AutoPSF Technical Documentation

AutoPSF provides a streamlined interface for building complete structures for molecular dynamics simulations. To save work on the part of the user, many assumptions are made by the program to allow structure building with a minimum of user input. The procedures used by AutoPSF to determine how the structure should be built are detailed below.

Steps in an AutoPSF run

AutoPSF runs roughly the same sequence of procedures in GUI or command line mode; in GUI mode, though, there is an opportunity for user input after stages 1 and 3.

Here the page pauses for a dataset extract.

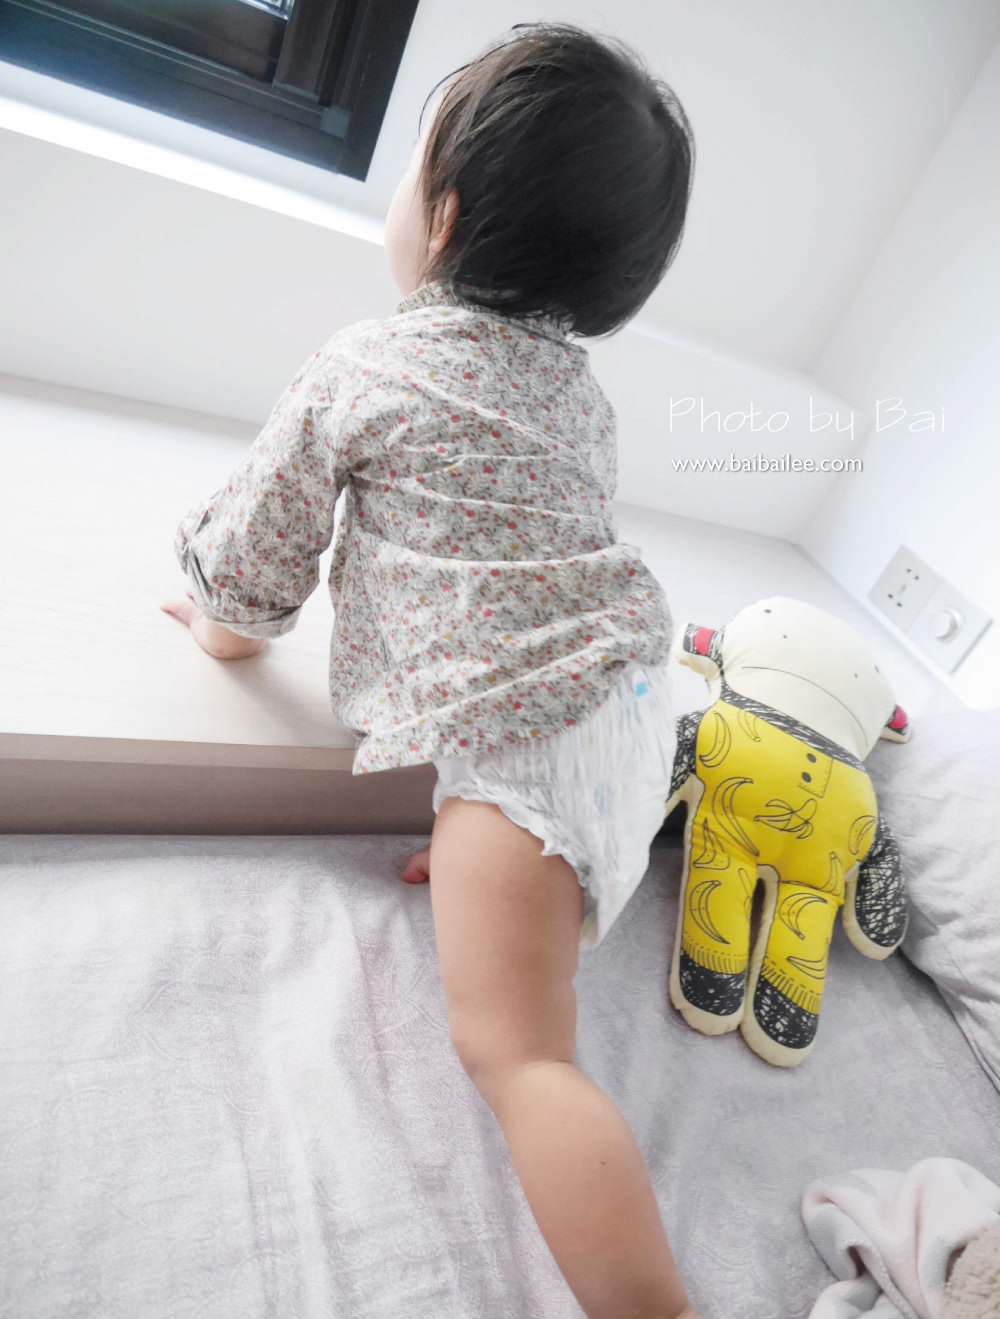 [寶寶] 幫寶適全新改款升級拉拉褲換尿布只要30秒.陪伴愛動寶寶舒服長大

  1. Check for valid input files
  2. Run checkpsf to produce a valid composite topology file
  3. Split the input structure into separate chains using AutoPSF's built-in criteria
  4. Load the temporary topology file
  5. Apply AutoPSF's default aliases
  6. Properly alter the protonation state of histidine residues near metal ions
  7. Build the identified chains using psfgen
  8. Modify cysteine residues with disulfide patches or hydrogen removal patches if they are close enough to another cysteine or a metal ion
  9. Ensure that there are no unparameterized residues in the structure, or provide the user with steps to deal with them if there are
  10. Write the final output psf and pdb files

Details of the AutoPSF procedure

Checkpsf

Prior to building a structure, psfgen will run the internal program checkpsf on the input structure and topology files. This program first combines all of the input topology files into one (temporary) monolithic topology file, and then ensures that every residue present in the input structure is defined in the specified topology files. If there are residues missing, a set of dummy entries is added to the temporary topology file that will allow psfgen to run. These dummy entries are flagged so that these unparameterized fragments will be detected later.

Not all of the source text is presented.